◆ TASK OBJECTIVE
Reproduction of part of the material below, pictures omitted: copy exactly, and only, the lines starting with the one with "Young boy reading" and going on through the one with "A blue icon".

◆ DATASET EXTRACT

......

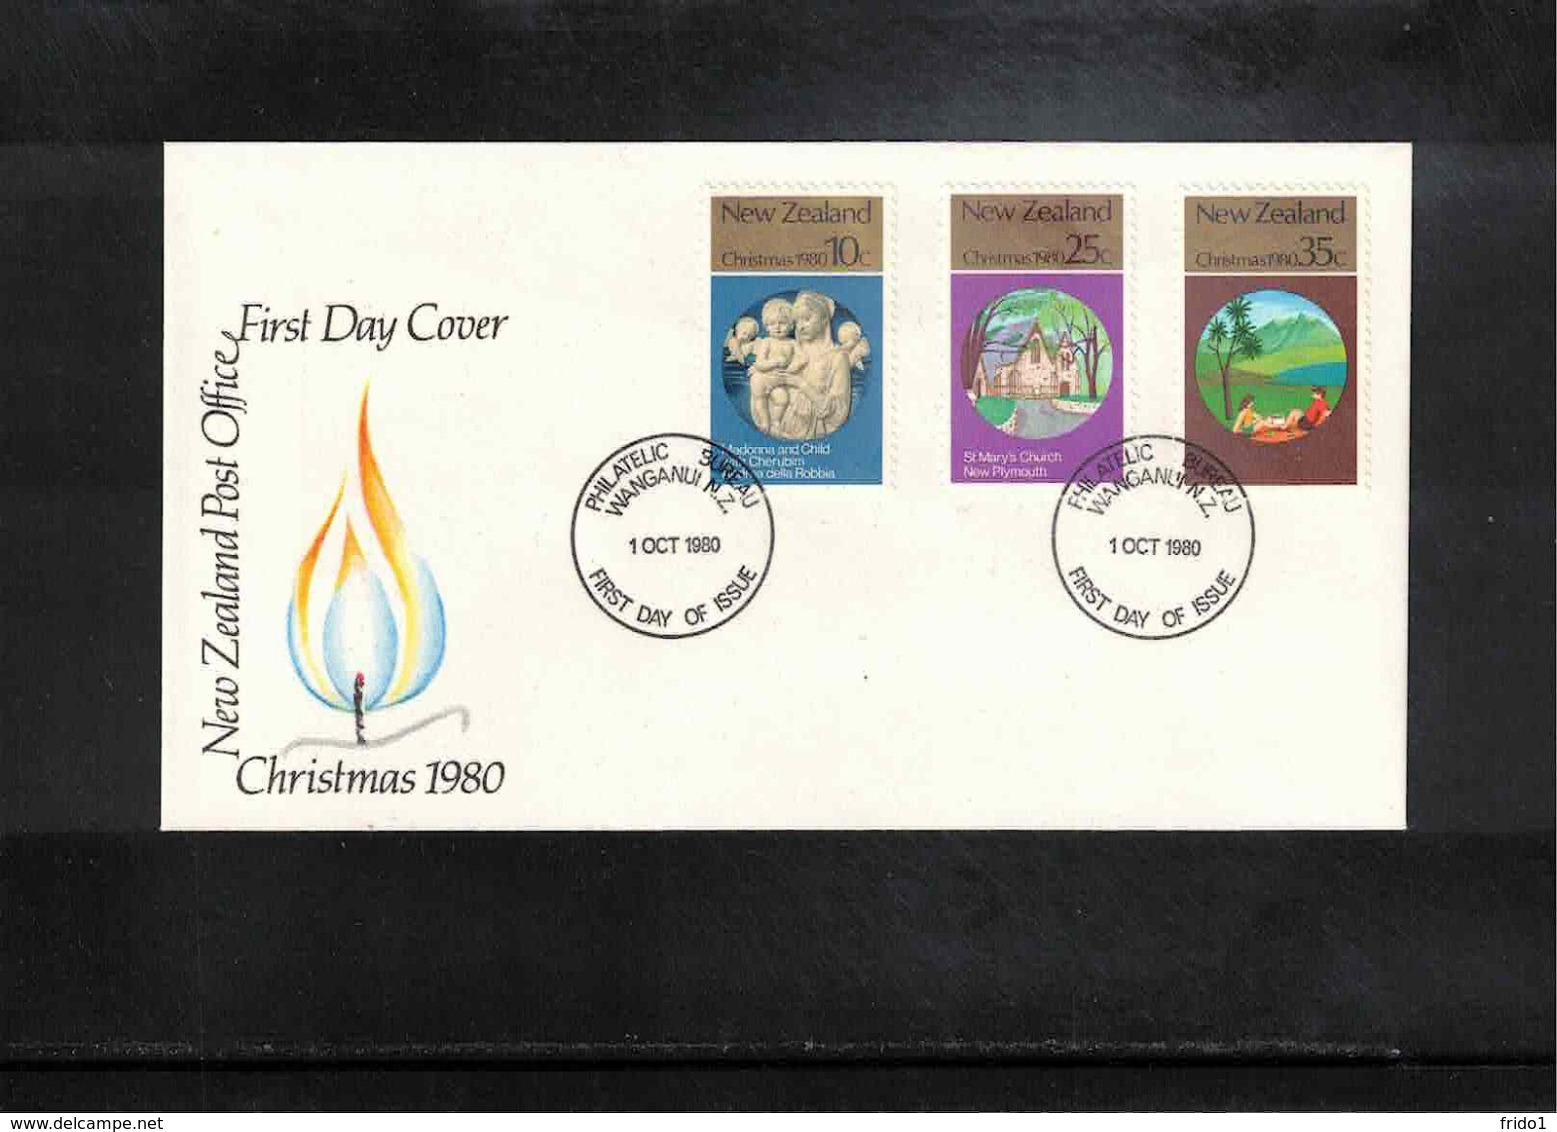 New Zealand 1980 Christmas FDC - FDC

......

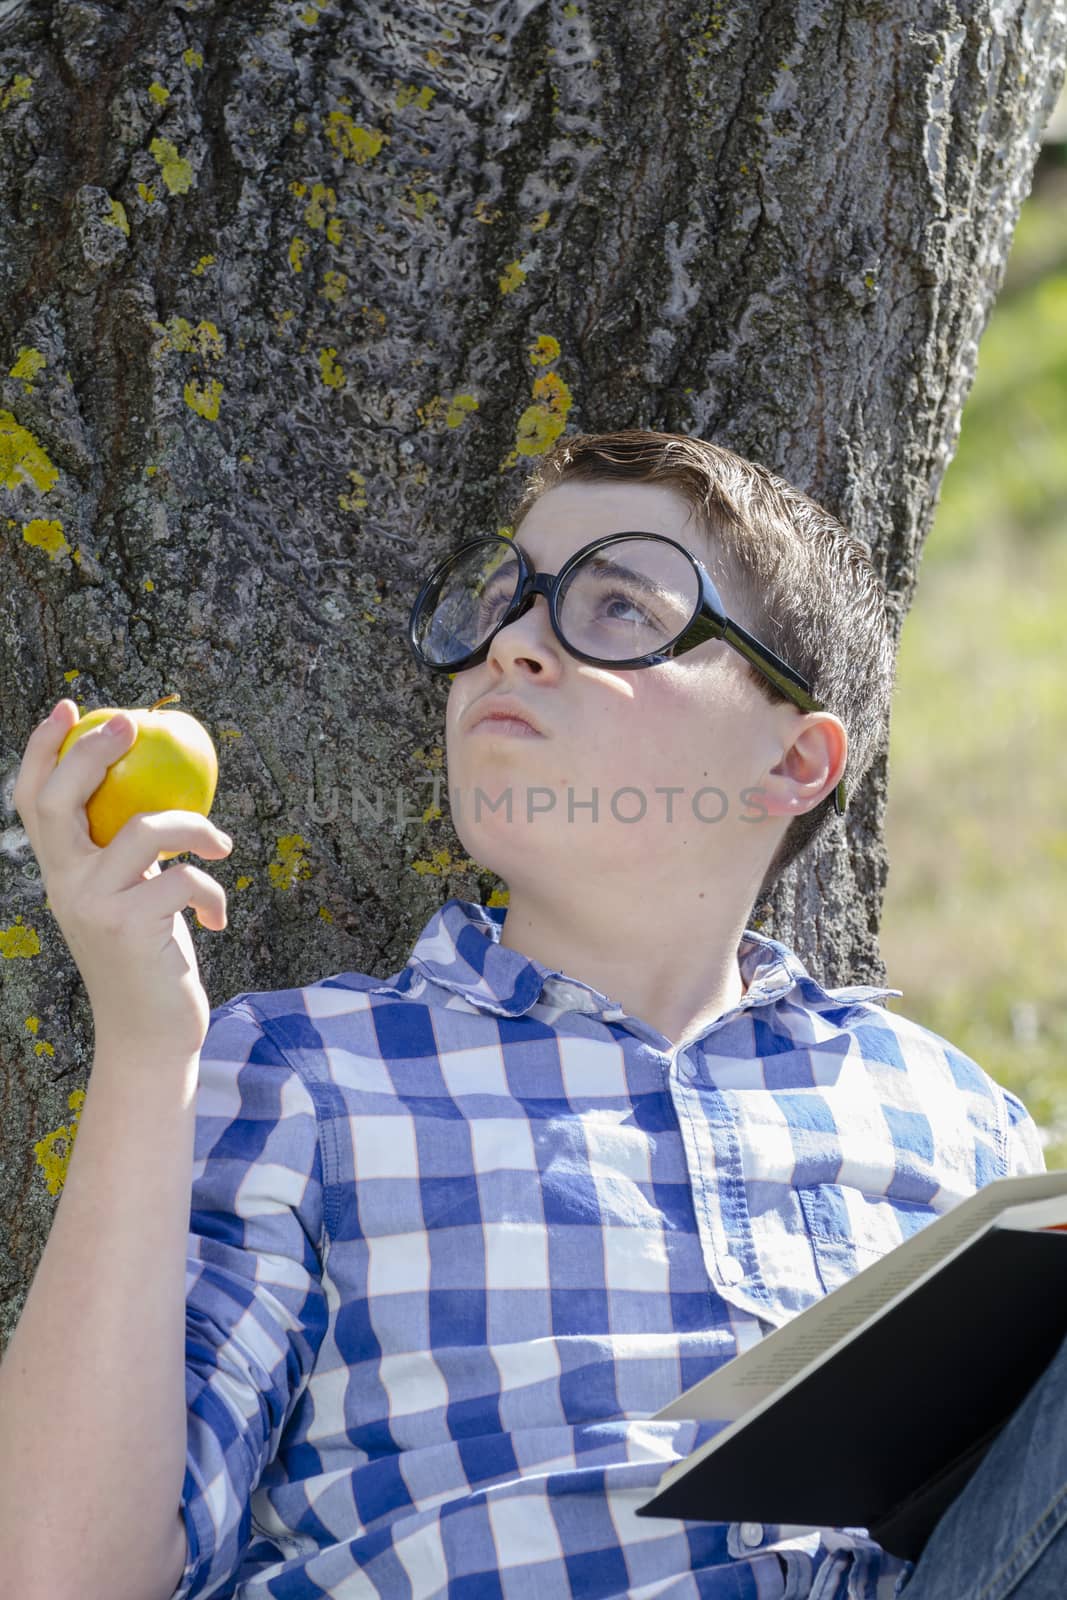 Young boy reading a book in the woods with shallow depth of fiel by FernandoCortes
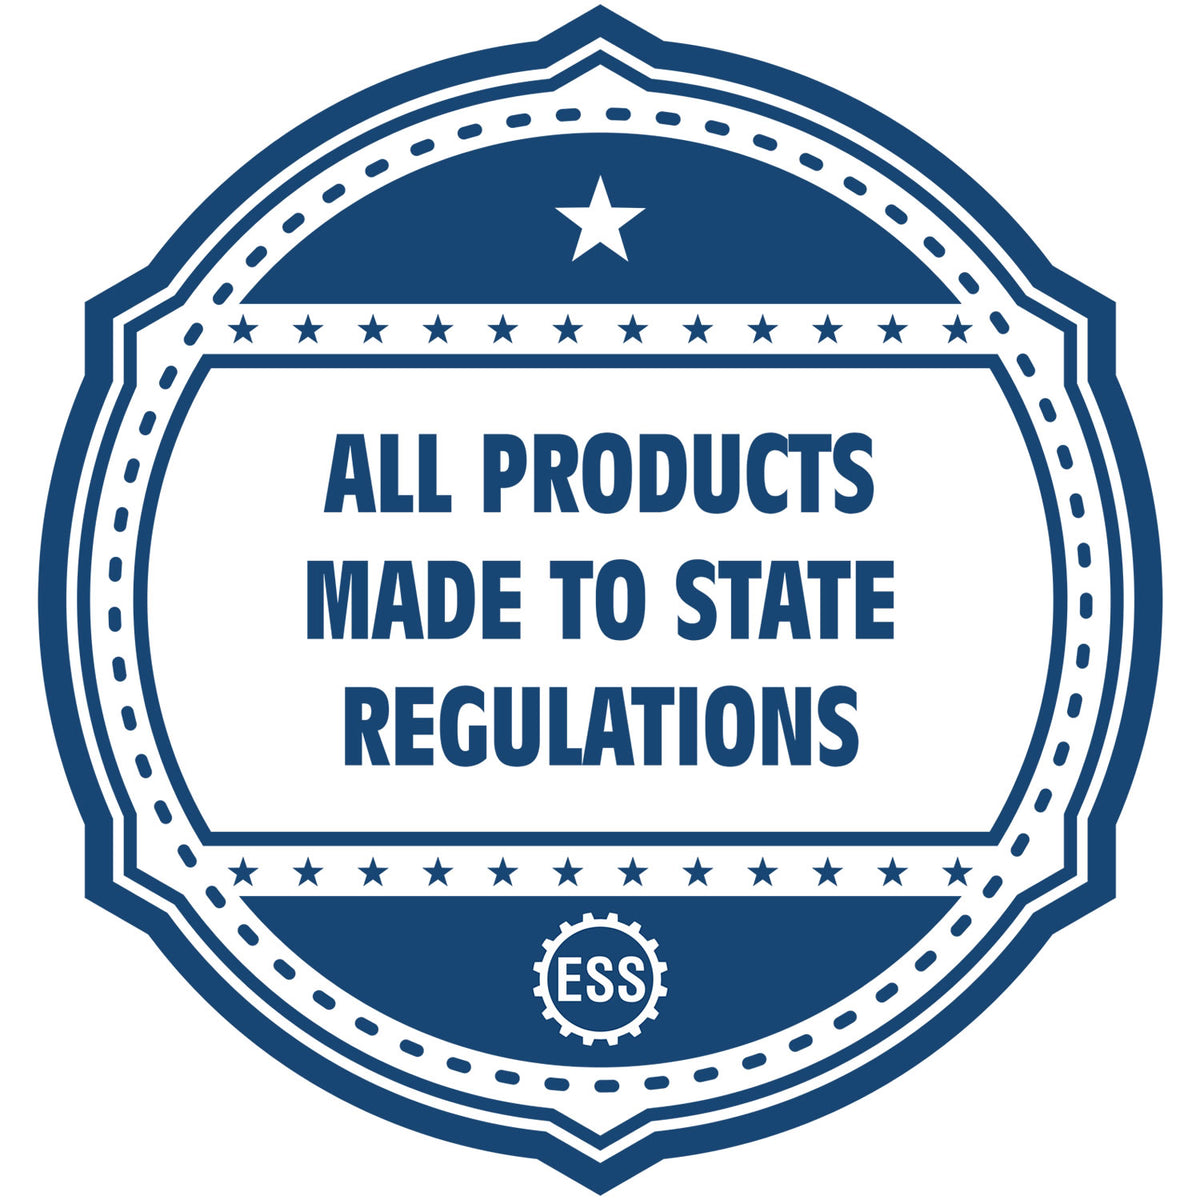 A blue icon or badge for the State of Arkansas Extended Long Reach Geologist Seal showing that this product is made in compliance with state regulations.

......

◆ EXPECTED ANSWER
 Young boy reading a book in the woods with shallow depth of fiel by FernandoCortes
 A blue icon or badge for the State of Arkansas Extended Long Reach Geologist Seal showing that this product is made in compliance with state regulations.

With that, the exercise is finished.